Regex checks caught more than the LLM judge did. We assumed the soft, qualitative rubric would be the real filter and the regex would be a sanity check. It was closer to the opposite. The LLM judge was generous about phrasings that a quick regex pattern flagged as the exact antithesis formula ("it's not X, it's Y"). The judge rationalized, the regex didn't. Keep both layers, because they catch different things.

Deeper reasoning on the flagship regenerate step mostly didn't help enough to pay for itself. We had a hypothesis that letting the flagship model reason harder would produce much better output on the hardest cases. What we got was slightly better output at 3x the latency. On an interactive path, where a user is waiting for the post to land, slower is a feature regression. We pinned the regen model at the lowest reasoning effort the API allowed and moved on.
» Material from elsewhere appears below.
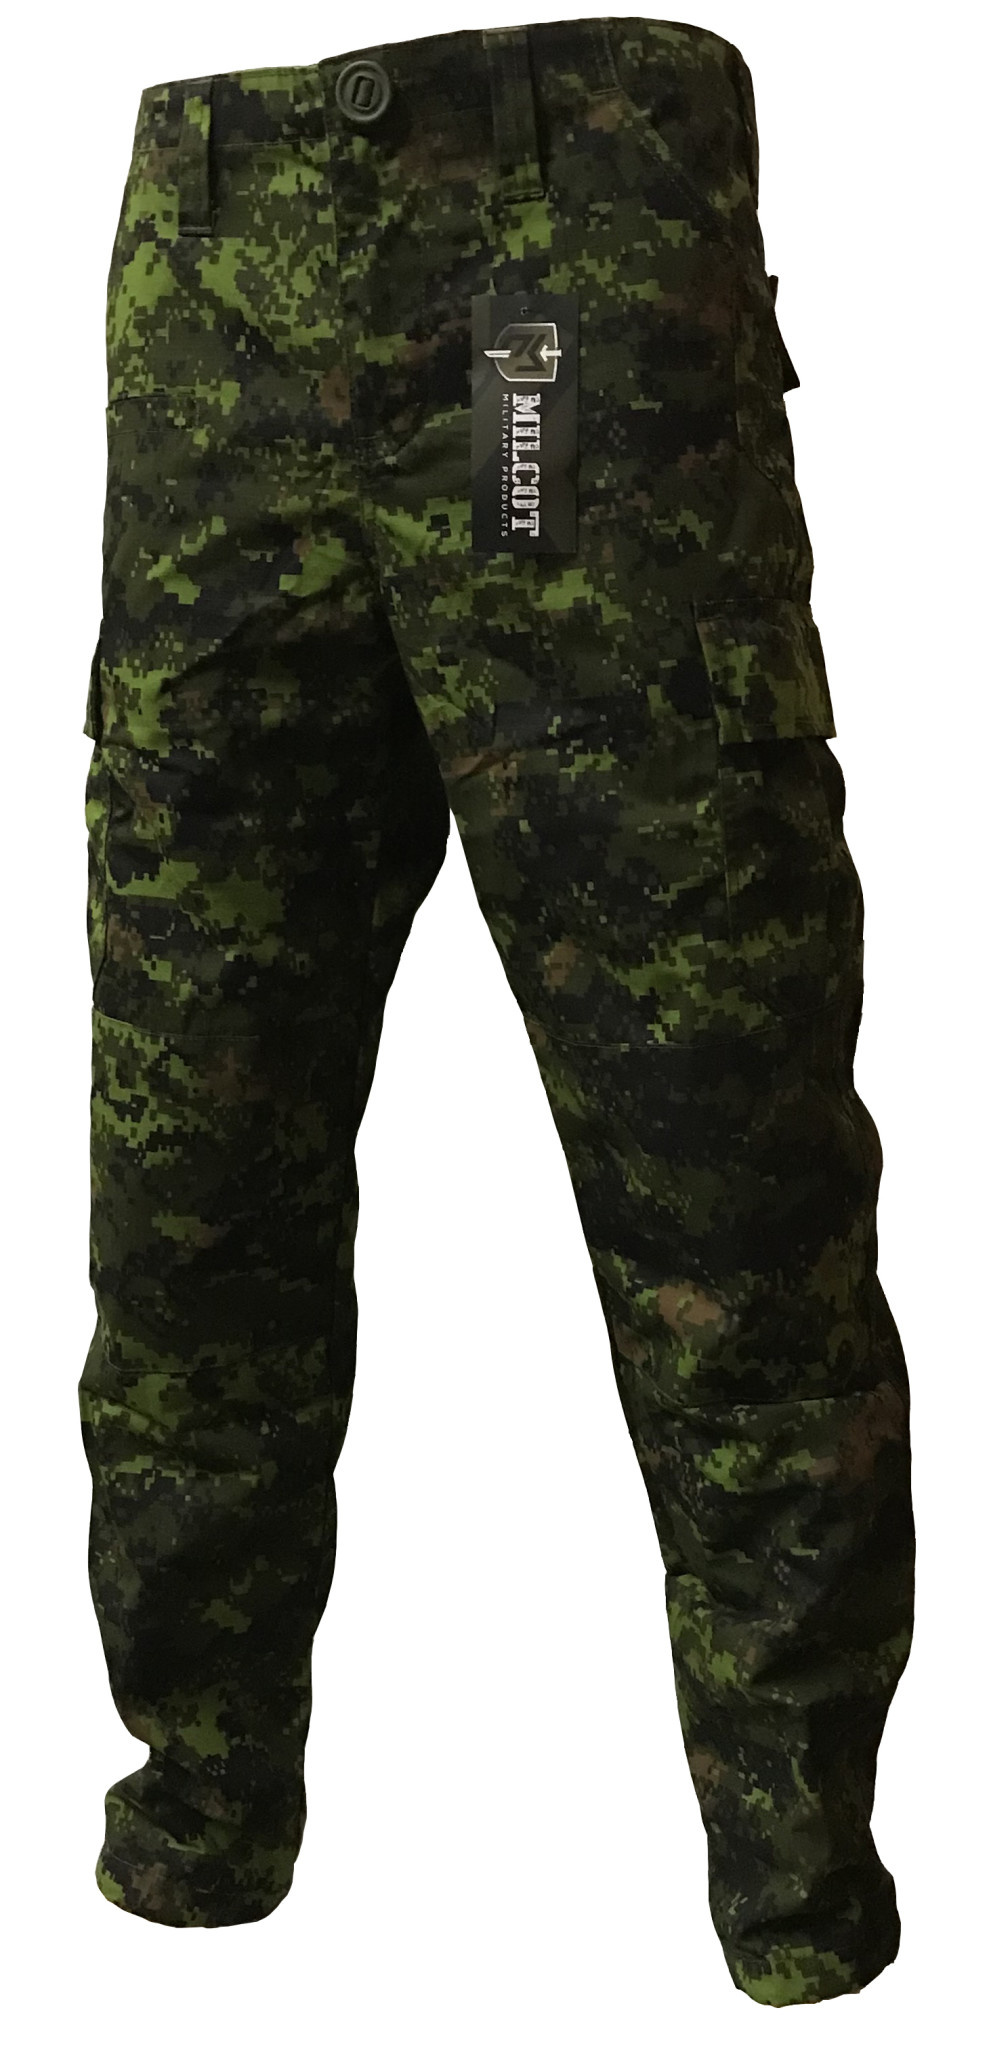 https://cdn.shoplightspeed.com/shops/616834/files/46736781/milcot-military-military-pants-gen-ii-canadian-cad.jpg

The most useful fixture was the poisoned one. The poisoned prompt explicitly asked the model to use the words "transformative," "multifaceted," and "delve into." Strategy A produced exactly what you'd expect: a post that sounded like every other LinkedIn post. Strategies B, C, and D routed around the bait. Watching each architecture handle that one case told us more about their relative quality than any of the polite, realistic fixtures did. If you're evaluating a voice pipeline, throw adversarial inputs at it. The polite inputs won't tell you where the edges are.

The takeaway

Voice is a separable concern. Treat it that way. One model shouldn't be on the hook for research, structure, facts, tools, and voice discipline all at once. Carve voice off into its own pass, give that pass one job and one system prompt, and be explicit about what it's allowed to change and what it has to preserve.

This was one of the more fun problems we've worked on recently. Accuracy has a clean target in the form of facts you can check against. Voice doesn't, which is why Reddit has thousands of posts cataloguing the exact phrases readers learn to flag. The target is a resemblance to a specific person, and that's a different kind of target than any of the ones most agent pipelines are trying to hit.